Heart mapping technique guides catheter repair of arrhythmia

By David March
Johns Hopkins Medicine

In experiments with dogs, Johns Hopkins researchers successfully used a 3-D map of the heart and a sensor-guided catheter to perform cardiac ablation, a mainstay treatment that stops abnormally fast and potentially fatal heartbeats, or arrhythmias. The Johns Hopkins findings, presented in November at the American Heart Association's Scientific Sessions 2005 in Dallas, provided information and technology used by the U.S. Food and Drug Administration to approve the system for testing in humans, now under way.

The Johns Hopkins team created its own 3-D models of each heart from images obtained by integrating and superimposing CT and MRI scans. Using an upgraded computer software program known as electroanatomic mapping, the scientists were able to color code the heart models' structures.

The scientists safely ablated, or destroyed, tiny areas of diseased heart tissue that facilitate rhythm disturbances, guided only by these anatomically precise, reconstructed 3-D maps.

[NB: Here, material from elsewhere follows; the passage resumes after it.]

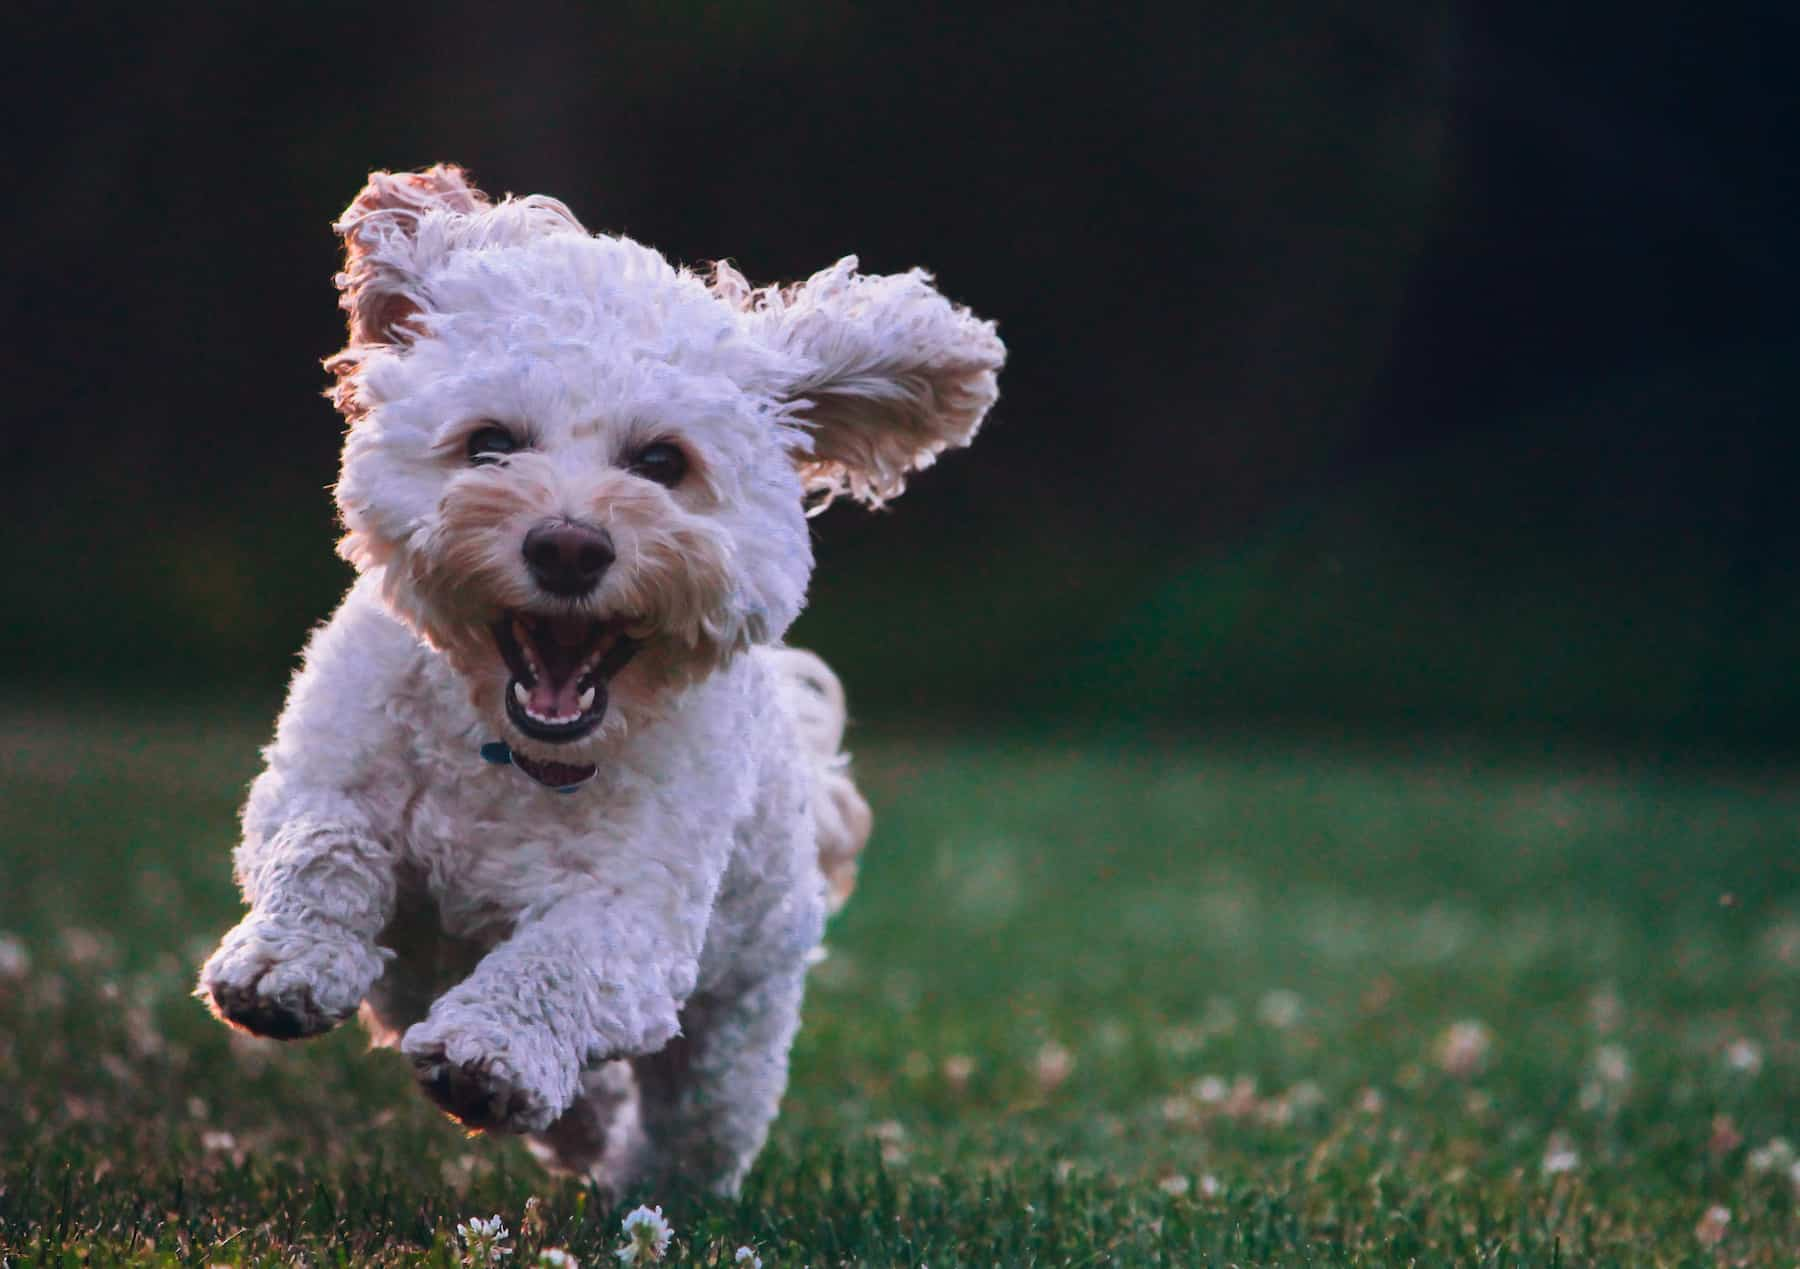 happy dog running and barking

During the procedure, a catheter containing a magnetic sensor in its tip was inserted through a vein in the dog's leg, then guided to the heart, where it was used to burn off the small part of heart muscle that gives rise to the errant signaling responsible for the arrhythmia.

A magnetic location pad was placed under the operating table and situated directly beneath the animal's body to detect the position of the catheter and compare it to the computer-generated image of the heart displayed on a screen.

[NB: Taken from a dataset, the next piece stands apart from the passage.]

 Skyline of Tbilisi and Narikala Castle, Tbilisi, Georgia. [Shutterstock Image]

"This is a significant improvement for patient safety and the performance of minimally invasive procedures in the heart," said study senior investigator and cardiologist Timm Dickfeld, an adjunct assistant professor at the School of Medicine and its Heart Institute. Current methods for visualizing the heart, using X-rays and fluoroscopy, are potentially hazardous, Dickfeld said, because they involve radiation and produce only two-dimensional images, which are not as accurate as 3-D images.

"Our study proves the effectiveness of 3-D mapping in guiding and pinpointing the catheter's tip during a procedure, giving the electrophysiologist a more concrete awareness of the placement of lesions, and it eliminates the need for an X-ray, reducing the amount of radiation exposure for the patient," he said.

As part of the study, the Johns Hopkins scientists performed catheter ablation in nine dogs who had nearly 50 CT markers, small waferlike targets that could be seen by a scanner, surgically implanted on the outside of their heart's muscle wall. The placement of the wafers covered all regions of the heart, especially those where arrhythmias are known to occur. Three-dimensional maps of the heart, made shortly before the procedure, were then used to guide the catheter to its targets.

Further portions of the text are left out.